Long answer: a friend treats you with respect and wants you to succeed. If your friends are jealous, petty, or always join you but never invite you—they’re not acting like a friend.

Them not getting what you’re doing isn’t the same as them not supporting you. It’s when they start to not get excited about your success—when it starts to look like y’all are playing on different teams.

This isn’t an event you witness once and then cut them out, but a pattern of behavior you recognize over time. Here’s a quick litmus test: if it’s 10:30pm Saturday night and your car breaks down, who would you call to come pick you up?

Not going to lie—there’s a darker part of me that gets some pleasure when I see someone who is very successful turnaround and end up struggling. I don’t enjoy that part of myself, but I’m not going to deny it’s there. When I notice this in myself, I actively decide to be a better friend—encouraging the person struggling, telling them who they are, and offering any help I can muster.

I don’t want to end up a friend worth cutting.

The Best Way to Choose the Right Friends

As my dad would say “to have a friend you must be a friend.”

Prof G is right about one thing. You do want to be leveling up your friend group. That doesn’t have to mean you’re a social climber. Instead, recognize you can be building up your friends as you climb, too.

“A friend loves at all times, and a brother is born for adversity.” If you’re hanging out with losers now, you know it by their character. If they’re not losers, then you should be proud to have them with you.

If you have talented friends who are undiscovered, you are in exactly the position every good friend dreams of being. YOU can elevate them.

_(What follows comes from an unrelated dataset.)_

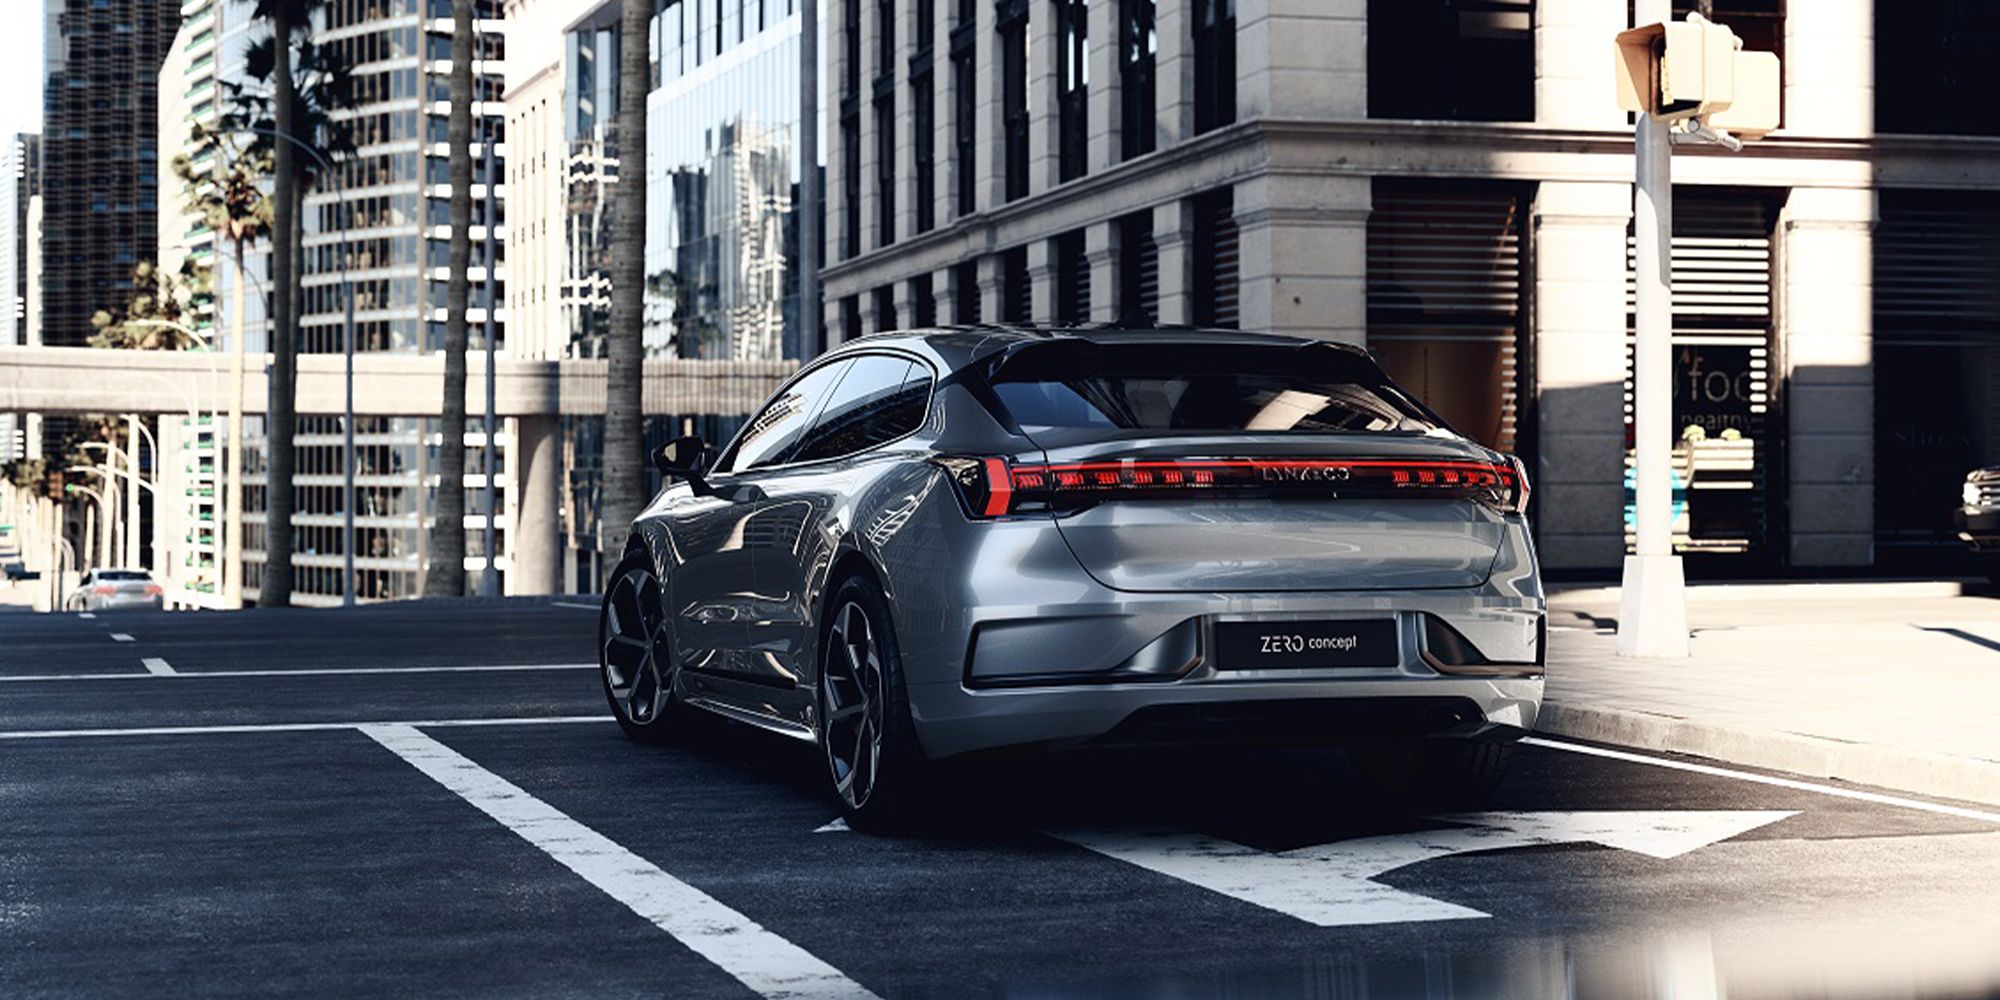 The rear of the Lynk & Co Zero Concept

Maybe that’s investing in them, retweeting them, or just giving them words of encouragement. The rising tide lifts all boats—when you raise your friend’s status and create new opportunities for them, yours gets raised, too.

If you’re looking around and you don’t see anyone in your circle who inspires you, it’s time to start some legitimate networking. Pay the price to be around folks who will build you up—and who you can build up, too.